You may want to check a few island sites and the state dept, or island embassies for specific...


----------



## orthomartin (Oct 21, 2006)

*caribbean*

Faster is right on the money. We made landfall last Nov after crossing from Las palmas Grand Canaria at Rodney Bay St. Lucia. It was great there and we will return this summer but the drug war is real. 
We spent a year in the Caribbean before heading to the Med., (2008-9). Between then and now there have been about 4 or 5 violent attacks on boats or crew. One in St. Maarten, two in Antigua, one in Tabago, one St. Vincent. Adjusted for number of cruising boats and island populations the incidence of attack in very low.

The economics mirror the US for the most part. What you spend varies widely on where in the chain you spend most your time. The Leewards cost more than the windwards, but there are more facilities. Most expensive, are BVI, St. Maarten, St. Barts, Nevis, and Antigua. I would say cost for normal things such as provisions and shore activities are about 15-20% more then say Miami.
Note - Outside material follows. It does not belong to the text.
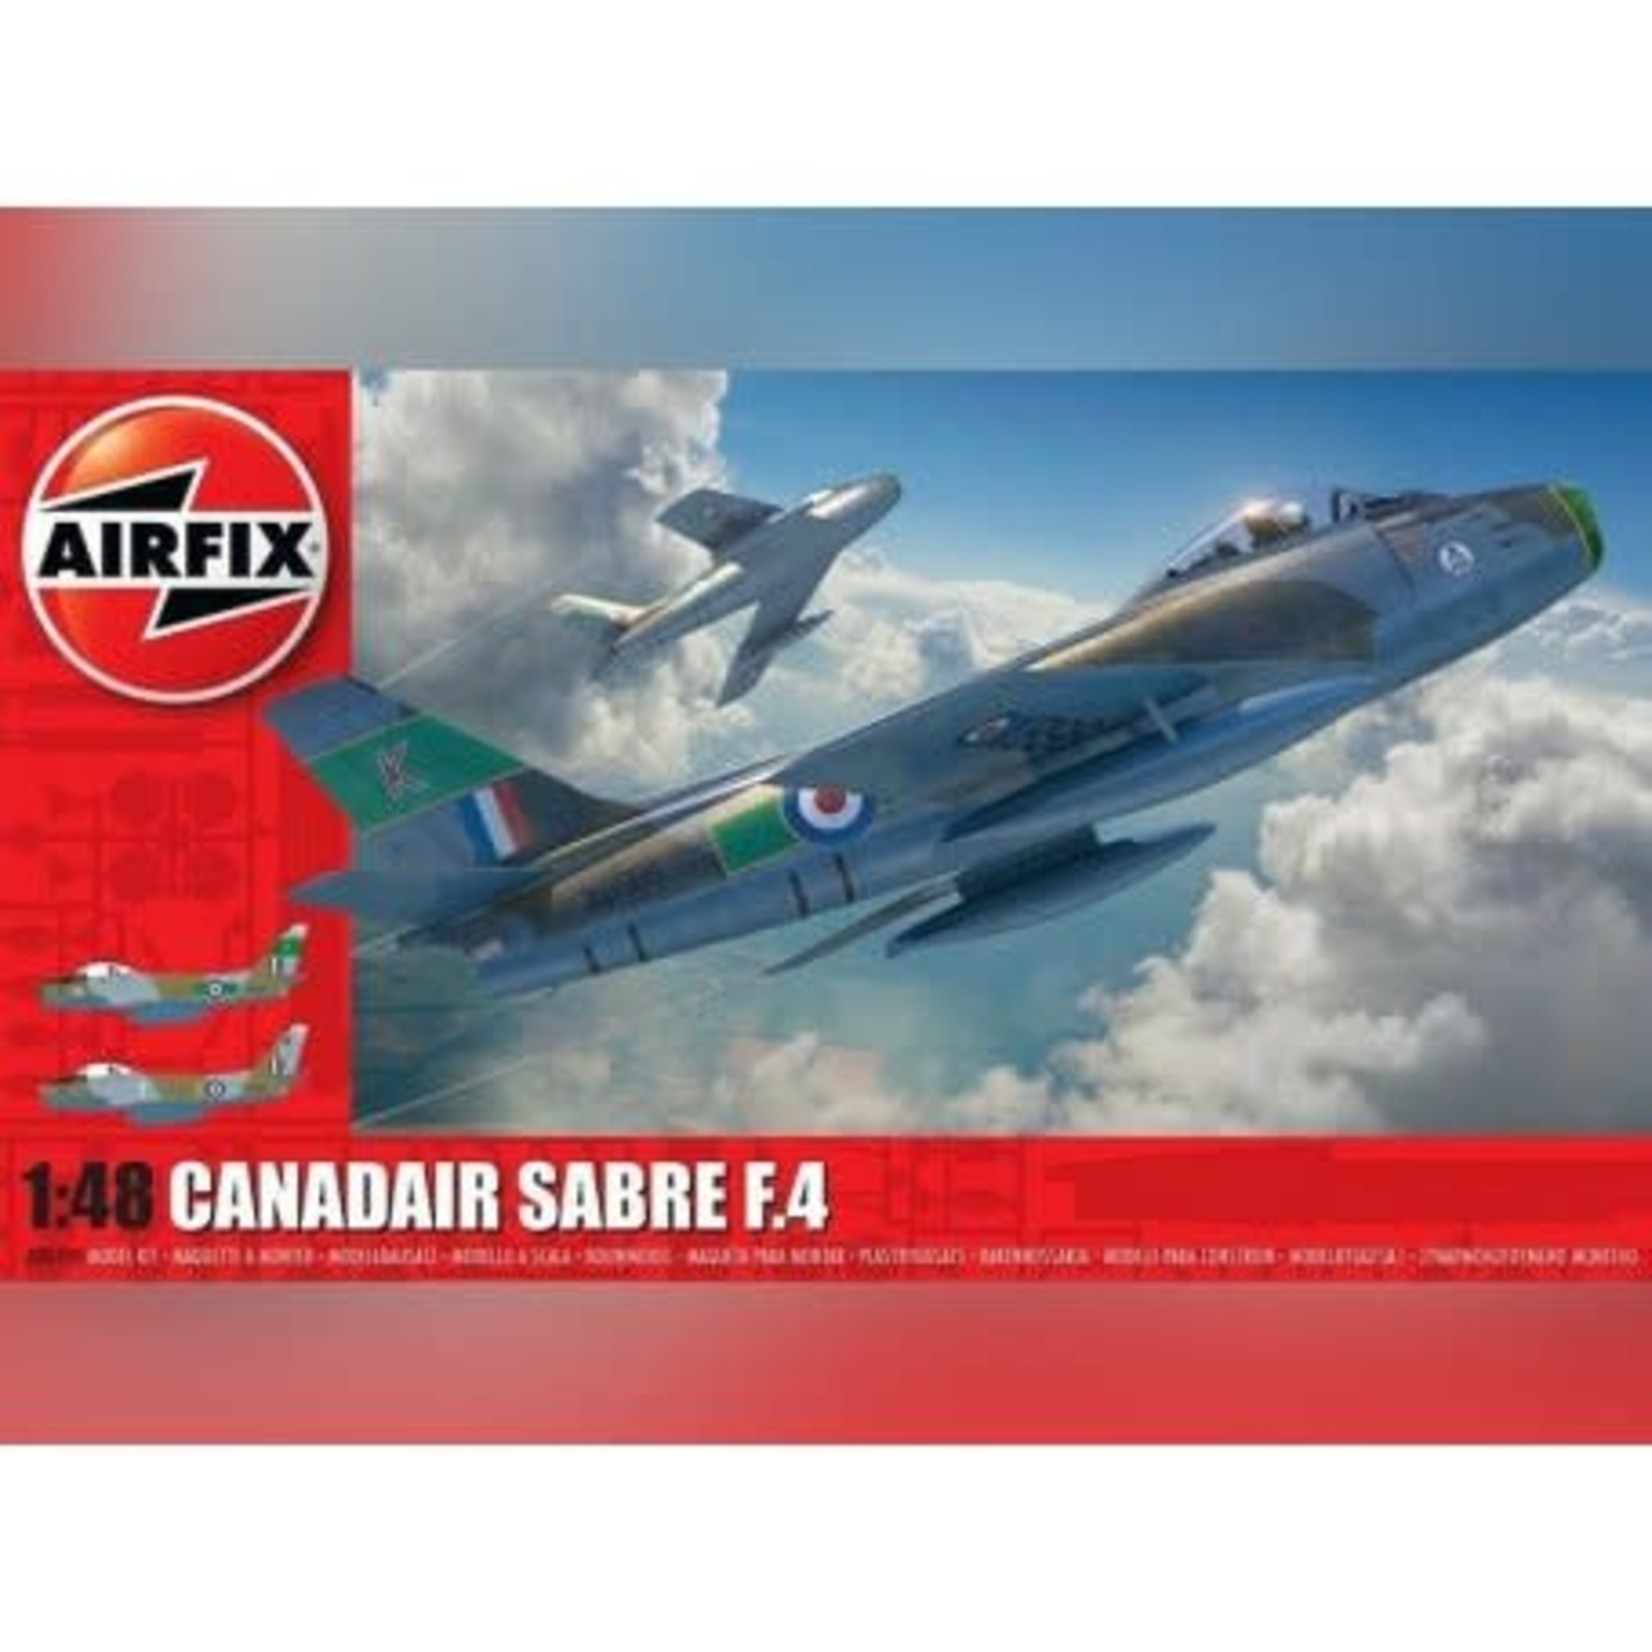 Airfix 1/48 Canadair F4 Sabre Kit

The range of costs from cruiser to cruiser is great. Our costs including repairs, maintenance, insurance (health and boat), food,entertainment, and misc. has averaged $5,000/mo. Now mind you we have been in the Med. for two years and it is much more expensive there. We have cruising friends on a smaller simpler boat that average (all things) about $1,000/mo in the Caribbean.


----------



## night0wl (Mar 20, 2006)

My wife is from the islands (Trinidad)...and despite the rosy picture portrayed above, we have *DEFINITELY* seen a decline in safety and overall increase in lawessness in the islands we've visited. The youth that grew up idolizing the fast money culture has come of age and with few avenues to obtain it has resorted to graft. Nearly every island is battling drugs and the gang crime that comes with it. In fact, Trinidad is under a near nationwide curfew right now. Seems like its going to get worse before it gets better as the tourist trade is still pretty off this season with Europe going through their financial crisis now...its keeping many folks from Europe away which is a lot of the Caribbean tourist season.


----------



## orthomartin (Oct 21, 2006)

*caribbean*

The number of boats in the E. Caribbean has not decreased in any real way. Boats to Trinidad have however decreased significantly because, well, it's Trinidad. 2010 over 2,500 boats departed Canary Islands for Caribbean, similar to 2009
I agree there has been (and is) a steady decline in youth behavior. Have no workable answer for that. But as of 2011 cruising in the Caribbean is still as safe as most destinations on the Atlantic side with the odds of a violent encounter on your boat about 1 in 1000. Take steps to include some security and that number improves dramatically as most are attacks of opportunity.
Very safe areas are far Bahamas, south coast Puerto Rico, Spanish-US-and British Virgins (city of St Thomas can be dangerous at night in some areas but anchorage has been safe). Do not let fear stop you from cruising If it does you should probably stop driving your car
Come join the fun!


----------



## canadianseamonkey (Sep 4, 2006)

Status quo in the Domincan Republic. I'd rather be here than in North American in these economic times. A 3rd world country doesn't seem to feel the effects as much cause they already live with less. Sail away, don't worry about it. Just keep your wits up like you would anywhere else.


----------



## casey1999 (Oct 18, 2010)

night0wl said:


> My wife is from the islands (Trinidad)...and despite the rosy picture portrayed above, we have *DEFINITELY* seen a decline in safety and overall increase in lawessness in the islands we've visited. The youth that grew up idolizing the fast money culture has come of age and with few avenues to obtain it has resorted to graft. Nearly every island is battling drugs and the gang crime that comes with it. In fact, Trinidad is under a near nationwide curfew right now. Seems like its going to get worse before it gets better as the tourist trade is still pretty off this season with Europe going through their financial crisis now...its keeping many folks from Europe away which is a lot of the Caribbean tourist season.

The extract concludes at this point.